O que tem impacto nos impostos…
Talvez seja esse um dos sinais que mostra que Portugal está vários passos à frente. No caso dos impostos, houve uma declaração da secretária de Estado do Turismo a dizer que a arrecadação de impostos duplicou ao passar de 60 para 120 milhões e estamos a falar de 2017, não tem em conta os números de 2018, onde houve um grande boom desta atividade. E depois temos a taxa turística em que o alojamento local já contribuiu com metade em Lisboa. Os valores rondam agora os 8 ou 9 milhões, mas se calhar para o ano já estamos a falar de 18 milhões de euros. A estes valores há que somar ainda os do Porto. O SEF também teve uma explosão de boletins de alojamento nos últimos três anos e ninguém entendia porquê, a explicação é o próprio alojamento local ao entrar na legalidade teve de cumprir as obrigações todas, uma delas é o reportar os turistas estrangeiros.
Mas reconhece que é um setor que cria muitos ódios?
Foi uma atividade que foi muito usada como instrumento político, especialmente na campanha eleitoral das autárquicas. E a partir daí ganhou um debate de polarização, em campanhas eleitorais é preciso radicalizar um pouco para transmitir uma mensagem e foi o que aconteceu. Pegamos numa situação específica de uma ou duas freguesias e discutimos o alojamento local como um todo quando aquilo representava uma pequena parte.
E como vê a polémica Robles?
Mostra o risco que é a instrumentalização política de usar um tema qualquer importante como um carro de batalha numa fase eleitoral, especialmente em eleições locais que são mais sensíveis a este tipo de questões.

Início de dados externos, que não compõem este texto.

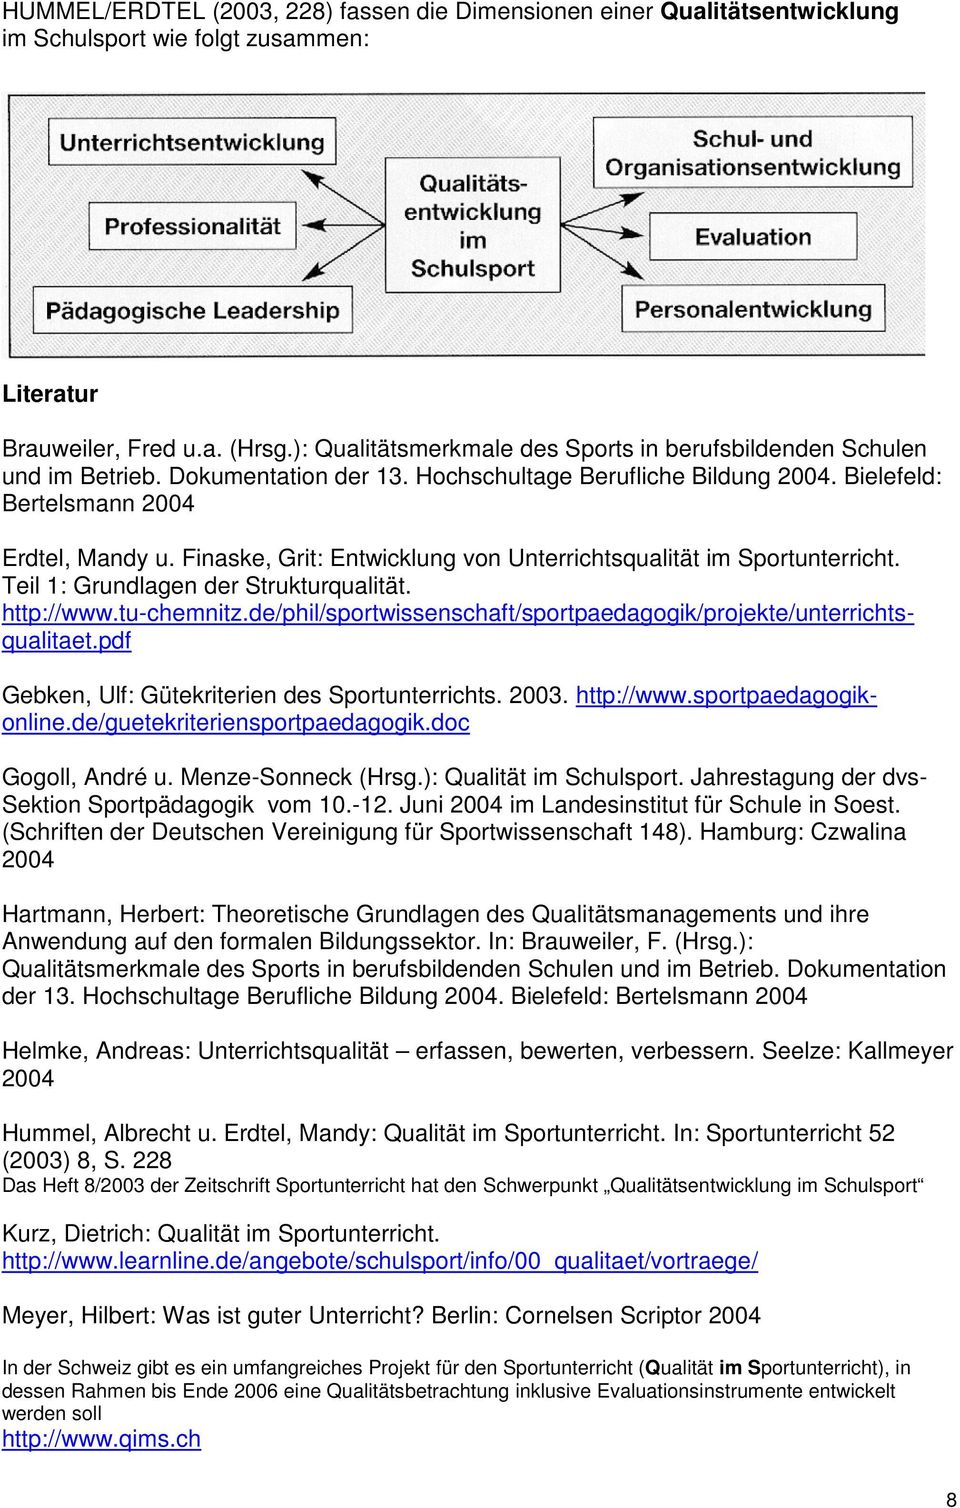 Finaske, Grit: Entwicklung von Unterrichtsqualität im Sportunterricht. Teil 1: Grundlagen der Strukturqualität. http://www.tu-chemnitz.
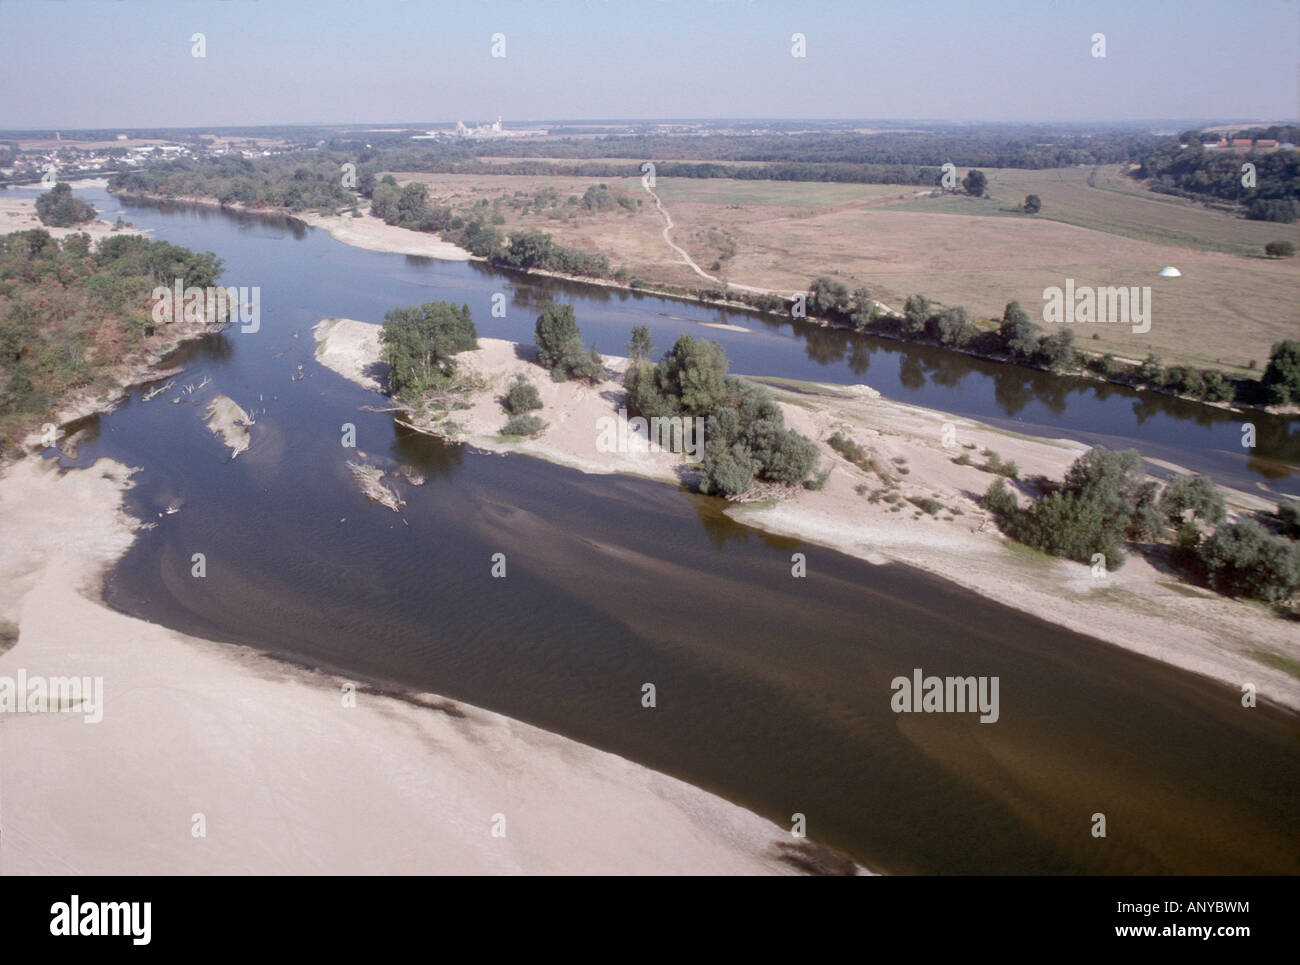 Vista aerea ,aerien,aereo,vue aerienne, la loire iles et banc de sables germiny sur Loire nievre francia Foto Stock

Perdemos um pouco o foco e para tentarmos passar mensagens mais fortes acabam por sair propostas que são completamente desproporcionais. Felizmente parou-se a tempo. A Assembleia da República percebeu que o tema estava polarizado, os partidos da esquerda à direita reconheceram em janeiro que havia talvez um desconhecimento e que algumas das medidas podiam ser desproporcionais e mostraram-se disponíveis para encontrar um equilíbrio. Isso também é um sinal de maturidade política e foi a partir daí que o tema começou a ganhar um objetivo. Mas na opinião pública ainda continuam a existir uns que odeiam, outros que amam.
Recentemente, Madrid aprovou um Plano Especial de Hospedagem, que obriga os responsáveis pelos alugueres temporários a construírem acessos diretos das propriedades à rua. Como vê essa medida?
Em Espanha não existe uma lei nacional, é tudo levado a nível regional e mesmo ao nível regional também não existem leis, o que leva as câmaras municipais a limitar questões de alguma pressão, mas acima de tudo regulamentar a atividade em si. Por isso uma quer uma coisa, outra quer outra. O que acontece? Uma instabilidade total, cada vez que muda um partido muda-se tudo. Houve uma altura que Madrid era completamente favorável ao alojamento local, depois eram muito favoráveis mas meteram uma pequena regra que o número mínimo de noites era 5. Isso é matar as viagens de curta duração e dizer que 80% dos turistas estavam fora. Foi um lobby gigantesco da hotelaria para conter o alojamento local. Isso foi parar ao tribunal que não deu razão a esse limite e reverteu essa decisão. Agora inventam que é só com acesso direto. Como é que um quarto ou quinto andar de um apartamento tem um acesso direto? É inventar um requisito que significa praticamente banir. Conclusão, tenho um mercado que num ano é proibido, quatro anos depois passa a ser louvado, quatro anos depois passa a ser meio termo.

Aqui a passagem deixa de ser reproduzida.